Make the data viewing and annotation capabilities bug-free, fast, and delightful to use¶
This goal is really the core of the napari vision. In many cases, napari already meets this need, thanks to the fast OpenGL canvas provided by VisPy, and fast loading of out-of-core datasets provided by zarr and dask. There are, however, many use cases where napari still stumbles, such as annotating out-of-core datasets, loading many points or shapes, or dealing with data involving multithreaded computing, which can sometimes crash napari in unpredictable ways. We therefore want to continue building napari with this goal in mind, and specifically by tackling the following:
Clean up and refactor much of our code. As we added more and more features in the 0.3 series of releases, a lot of the code has grown unwieldy and complex. We want to simplify the structure of the code to make developing in napari a fun and friendly experience for new contributors. We launched 0.4.0 with the evented dataclass model, and are moving for an even simpler model with pydantic. Additionally, we will simplify the entire architecture of our models to make the flow of code execution and data transfer easier to follow everywhere (see e.g. #1353).
Better support for viewing big datasets.
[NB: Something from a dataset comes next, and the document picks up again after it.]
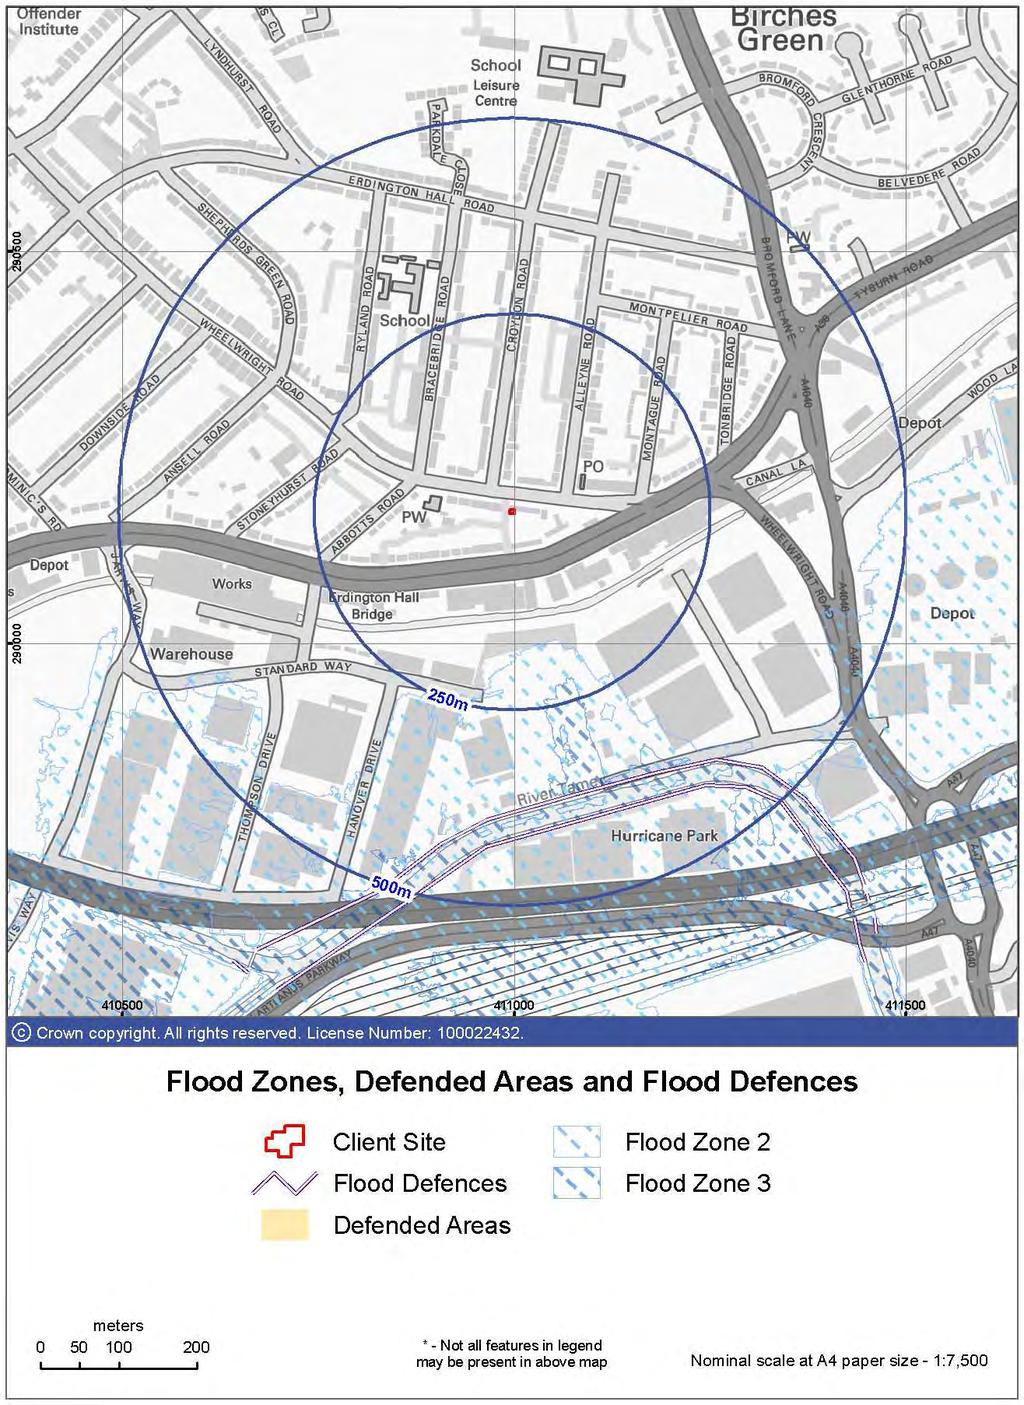 Section B River, Coastal Risk and Flood Defences

Currently, napari is fast when viewing on-disk datasets that can be naturally sliced along one axis (e.g. a time series) and where loading one slice is fast. However, when the loading is slow, the napari UI itself becomes slow, sometimes to the point of being unusable. We now have experimental, opt-in support for asyncronous rendering for sliced images, as well as for multiscale 2D data. In the 0.4 series of releases, we aim to bring this functionality out of experimental status, as well as extend it to other layer types and multiscale 3D data.
Improving the performance of operations on in-memory data. Even when data is loaded in memory, some operations, such as label and shape painting or slicing along large numbers of points can be slow. We will continue developing our benchmark suite and work to integrate it into our development process. See the
performancelabel for a current list of issues related to performance.
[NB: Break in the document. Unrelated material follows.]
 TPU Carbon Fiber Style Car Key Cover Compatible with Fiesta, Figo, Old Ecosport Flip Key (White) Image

Add physical coordinates. We now have a world coordinate system and transforms that can move between data coordinates, world coordinates, and the canvas where things are rendered; however, we still don’t have a concept of phyiscal units. See #1701 for additional discussion.
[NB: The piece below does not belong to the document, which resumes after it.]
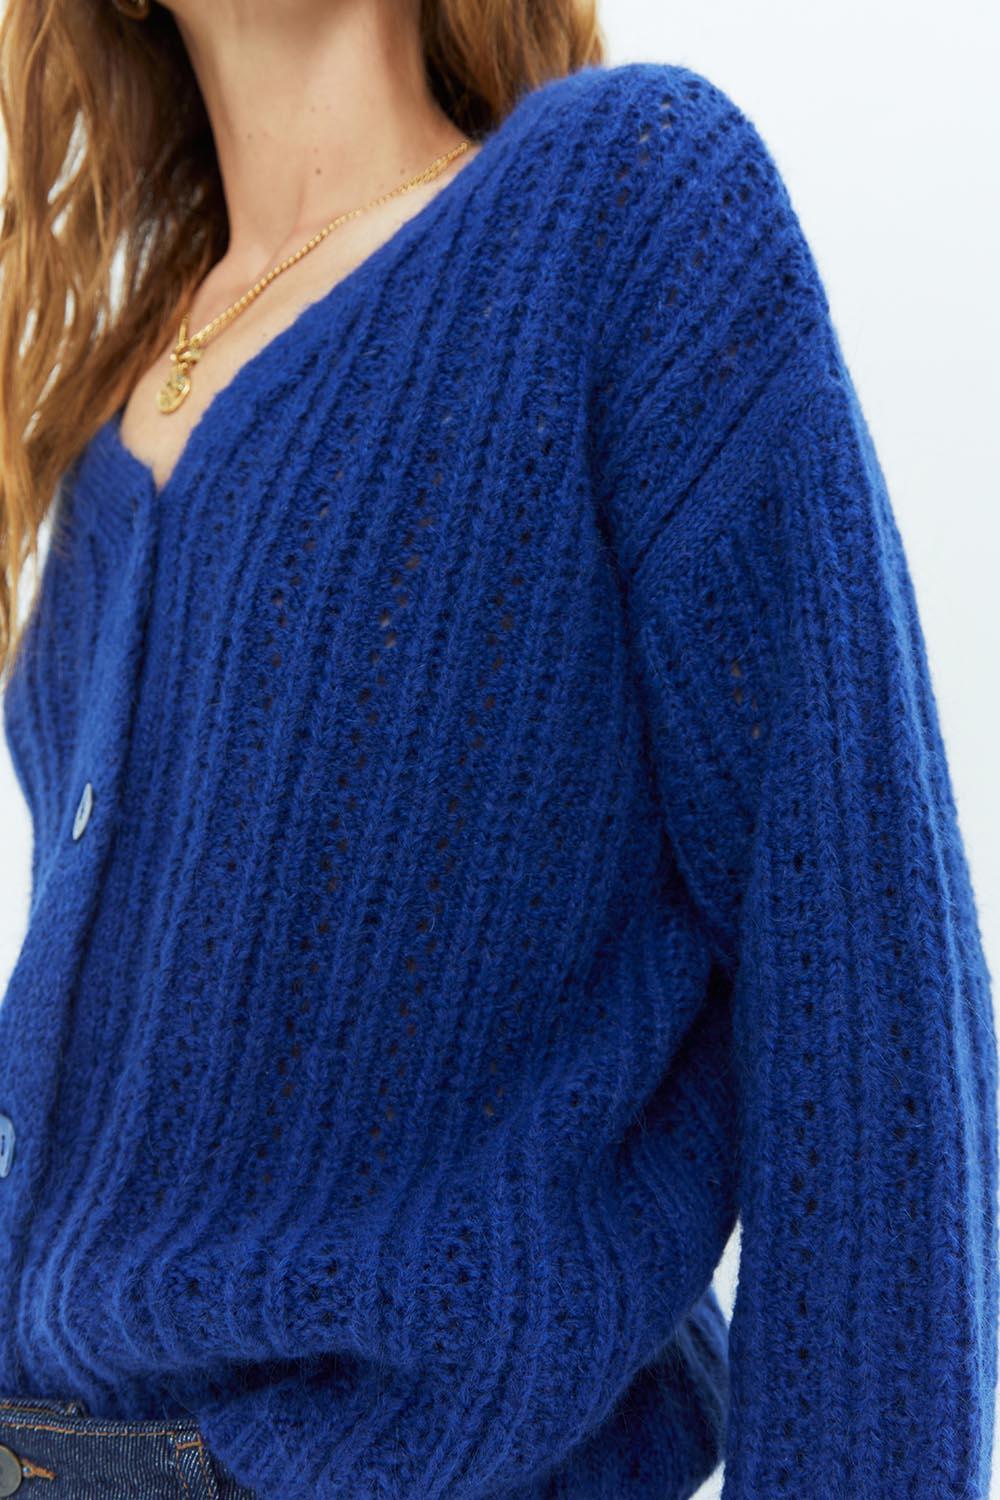 THEORY - Cardigan bleu cobalt en tricot fantaisie

Support for persistent settings #1183 to allow saving of preferences between launches of the viewer. This is particularly important because it allows us to give all users early access to experimental features, helping us to test those features and more quickly bring them to the viewer by default.
Add linked multi-canvas support (#760) to allow orthogonal views, or linked views of two datasets, for example to select keypoints for image alignment, or simultaneous 2D slices with 3D rendering.
Add layer groups #970, which allow operating on many layers simultaneously making the viewer easier to use for multispectral or multimodal data, or, in the context of multiple canvases, where one wants to assign different groups to different canvases.
Complete serialization of the viewer #851 to enable sharing the entire viewer state. This low-level feature will open the door to a lot of functionality, including the viewing of remote datasets, “deep linking”, i.e. links that allow opening of napari viewing a specific dataset with specific view settings, easy creation of sophisticated animations, and more. See also #1875.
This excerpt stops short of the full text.